Dr. Elkind commented:

“Because nearly half of all adults in the U.S. have elevated blood pressure, and 40% are obese, these data provide an inkling of what we can expect to see in the future as the population ages, and the impact of these risk factors begins to be felt. Recent data suggest that globally, dementia cases may triple over the next 3 decades, even as heart disease declines.”

Decreasing risk by modifying lifestyles and behavioral risk factors may help protect people from developing cardiovascular disease, stroke, and dementia. Dr. Elkind stated that a system-wide approach is necessary to achieve long-term behavioral change.

He explained: “Researchers are now testing technologies to see if they can improve our success rates with behavioral risk factors; some of these approaches involve moving the focus of care from the doctor’s office to the home and involving nonphysician providers in management to improve efficiency. For example, can in-home blood pressure monitoring with real-time connection to a doctor or nurse help improve blood pressure?”
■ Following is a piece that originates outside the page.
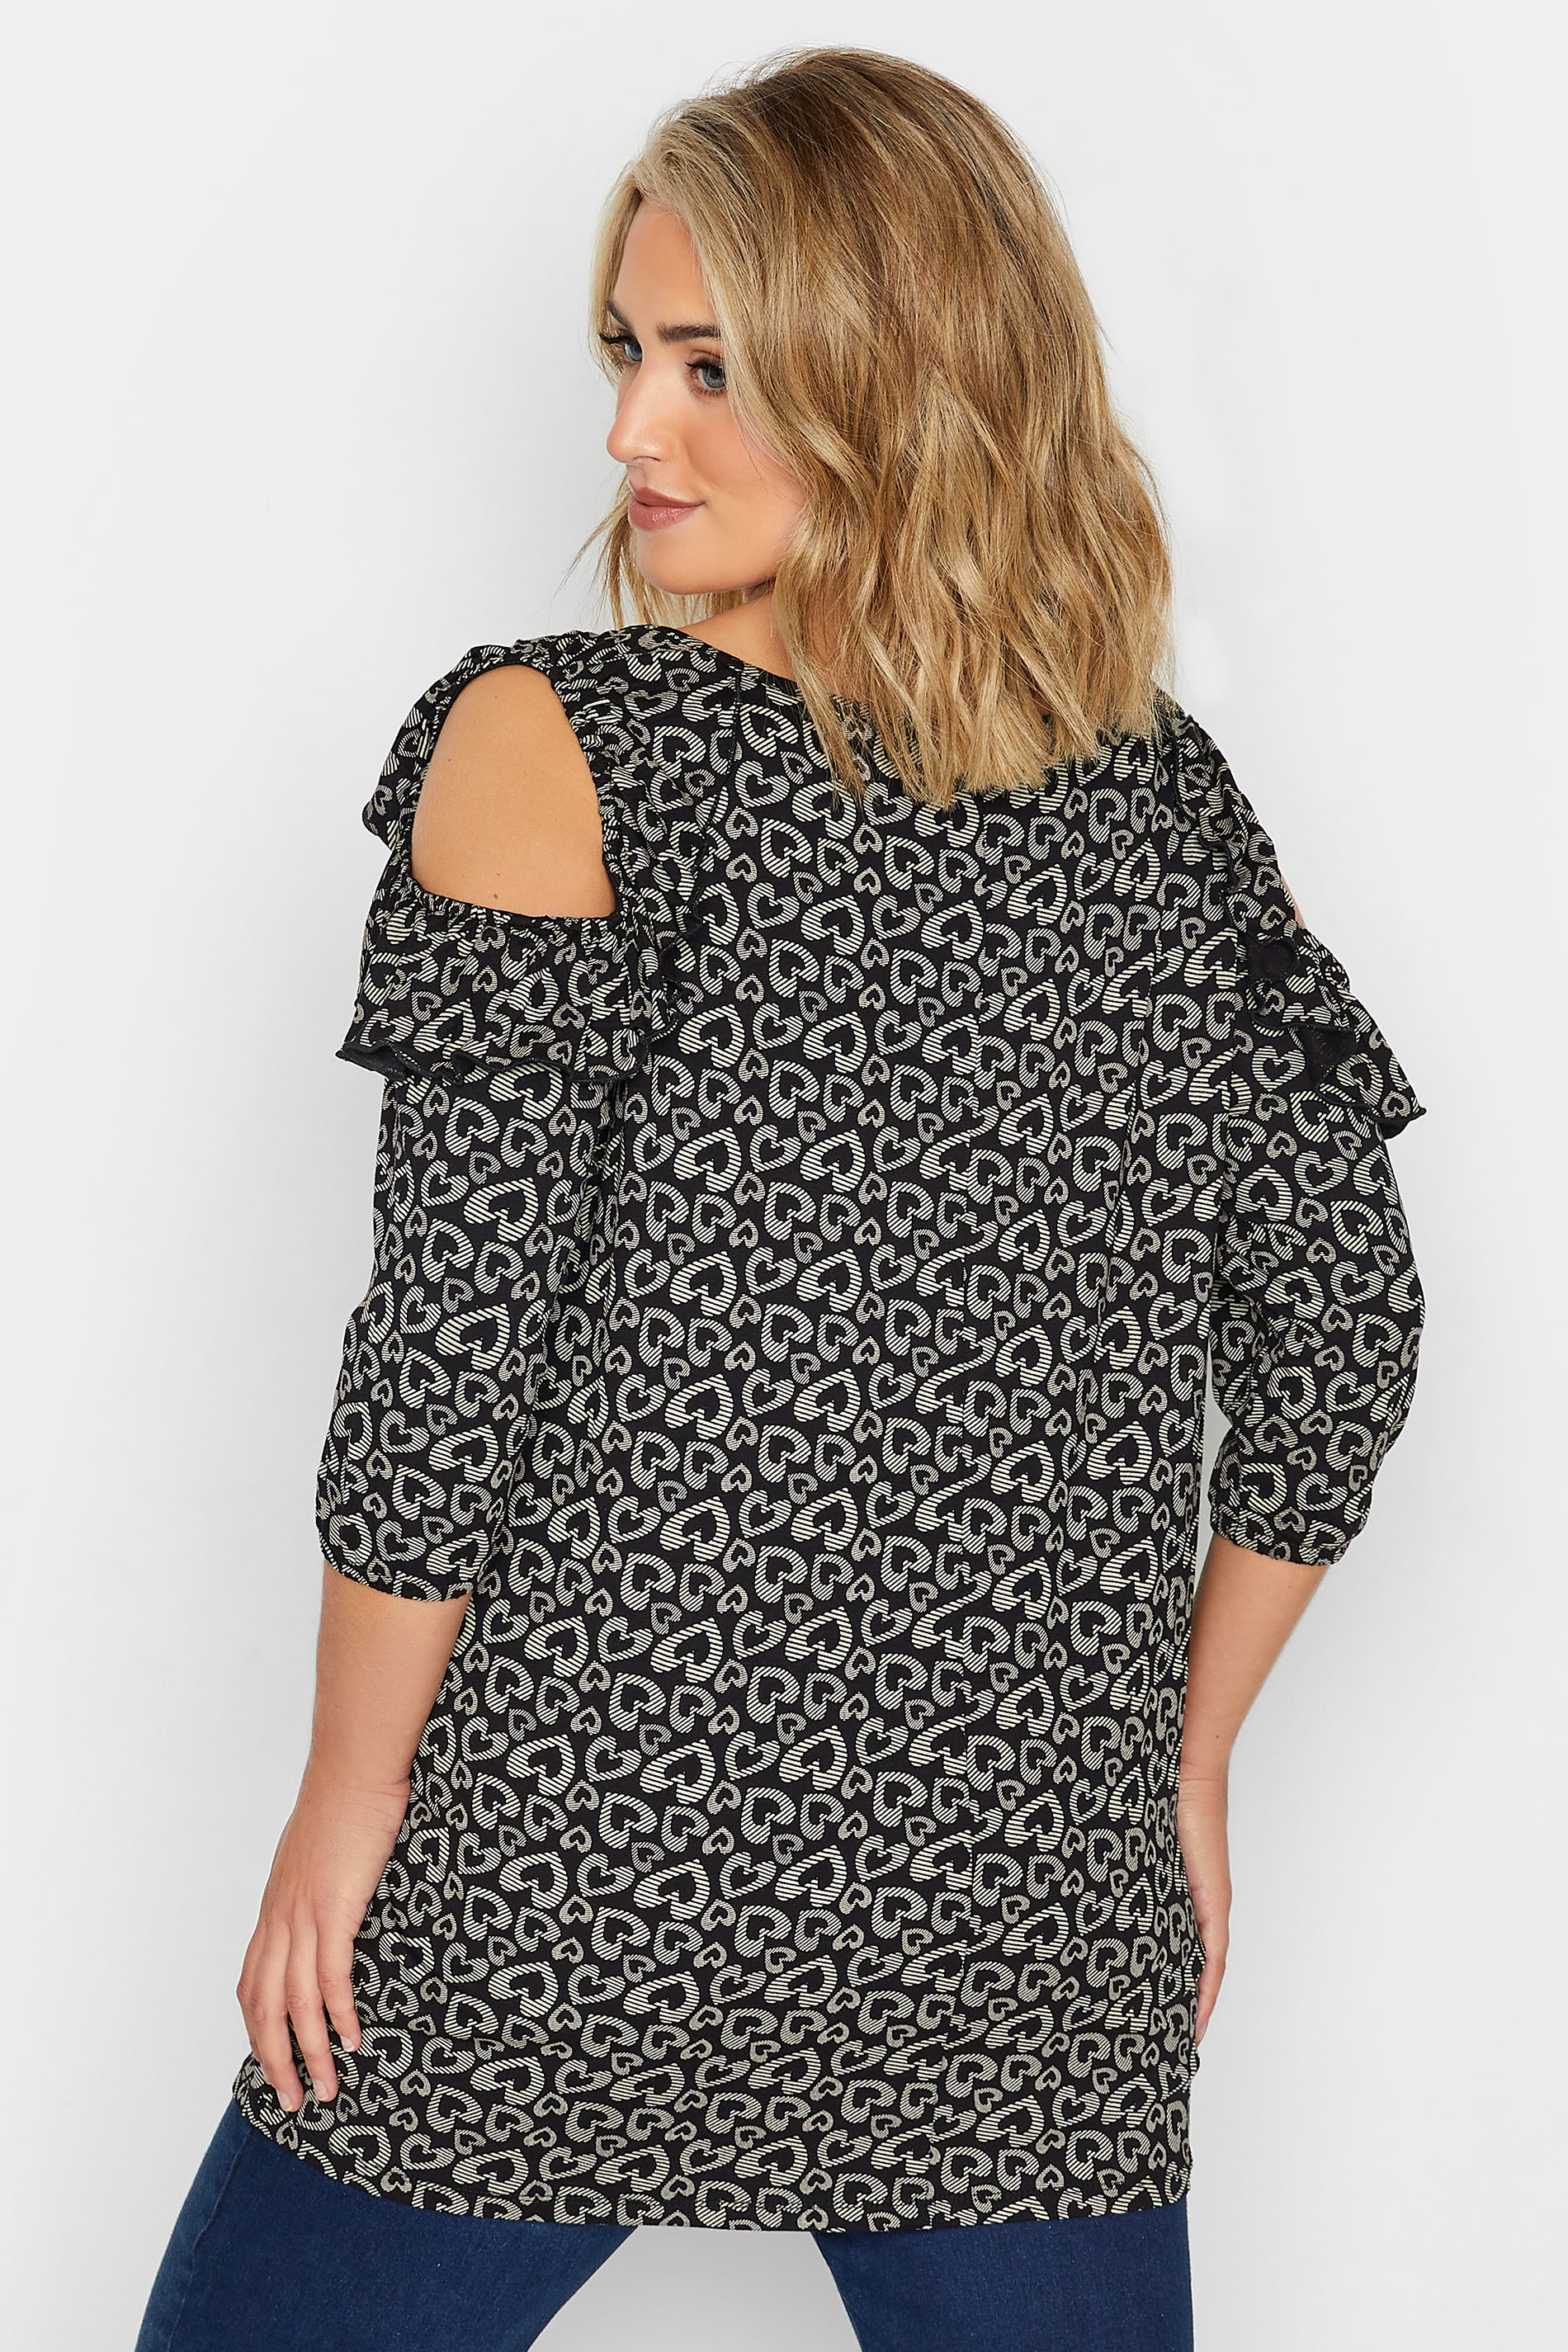 YOURS Plus Size Black Heart Print Cold Shoulder Top | Yours Clothing 3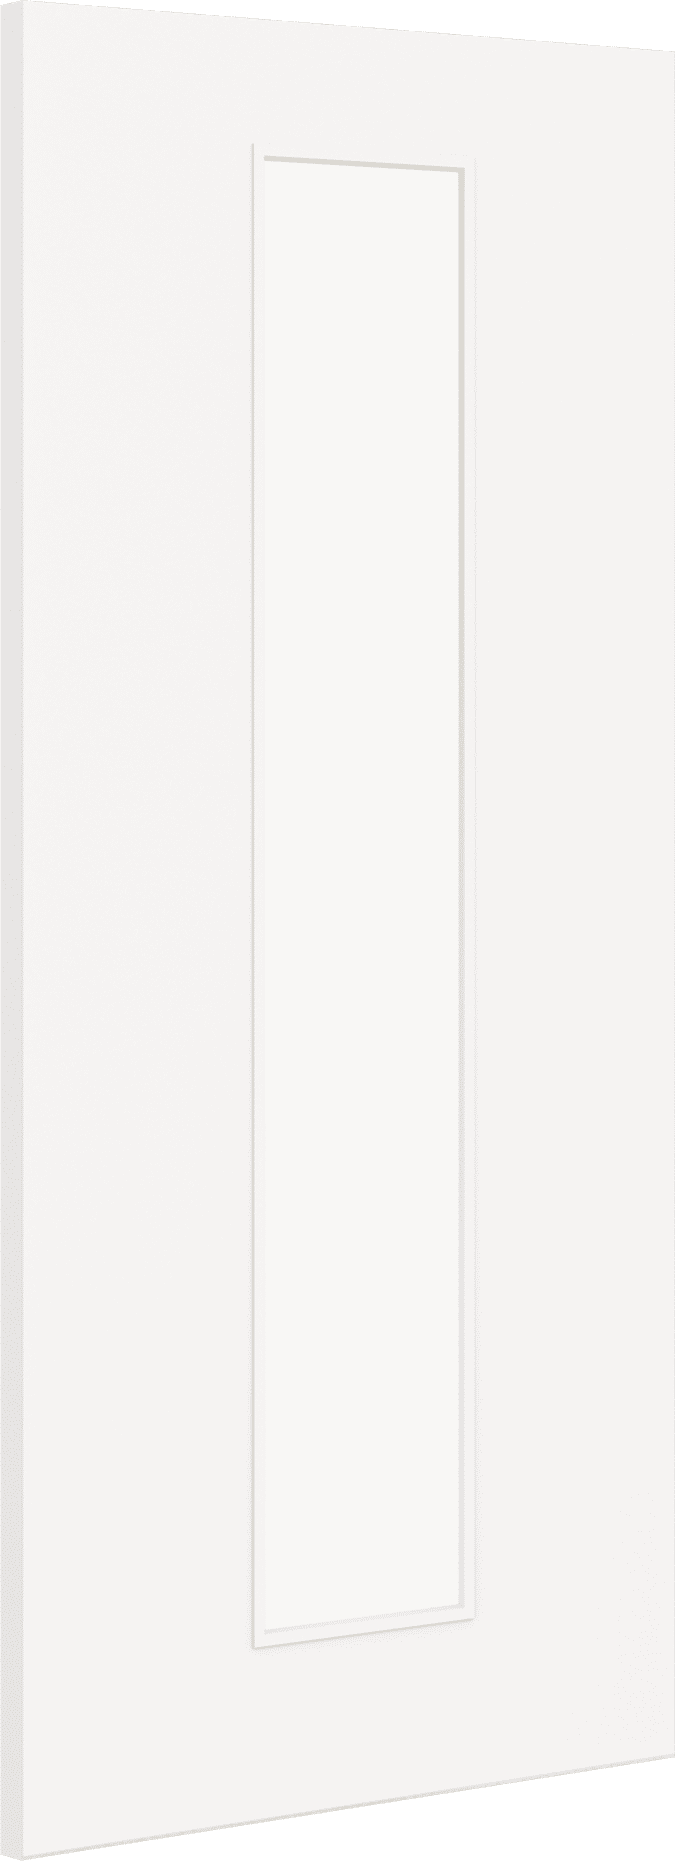 2040mm x 726mm x 44mm Architectural Paint Grade White 10 Clear Glazed Fire Door Blank

Dr. Elkind also wondered: “Can we use nonclinical settings, such as barbershops, to reach Black men and women to detect high blood pressure and make changes in their lifestyles? […] These types of approaches may ultimately lead to bigger benefits than doctors prescribing specific medications or trying to convince individual patients to change their behaviors.”

Dr. Jason Tarpley — a stroke neurologist and director of the Stroke and Neurovascular Center for Pacific Neuroscience Institute at Providence Saint John’s Health Center in Santa Monica, CA — went on to comment, in an interview with MNT, that “the take-home message is that a lot of this is preventable” through a combination of a healthy diet, exercise, and medications.

He added: “The information age is helping people […] [P]atients know their cholesterol number, they know their LDL, they know their hemoglobin A1C — which is a long-term measurement of their blood sugar — and they know [their] blood pressures. I […] see that behaviors are changing, and I think that people are […] taking more their health into their own hands, and that’s really good.”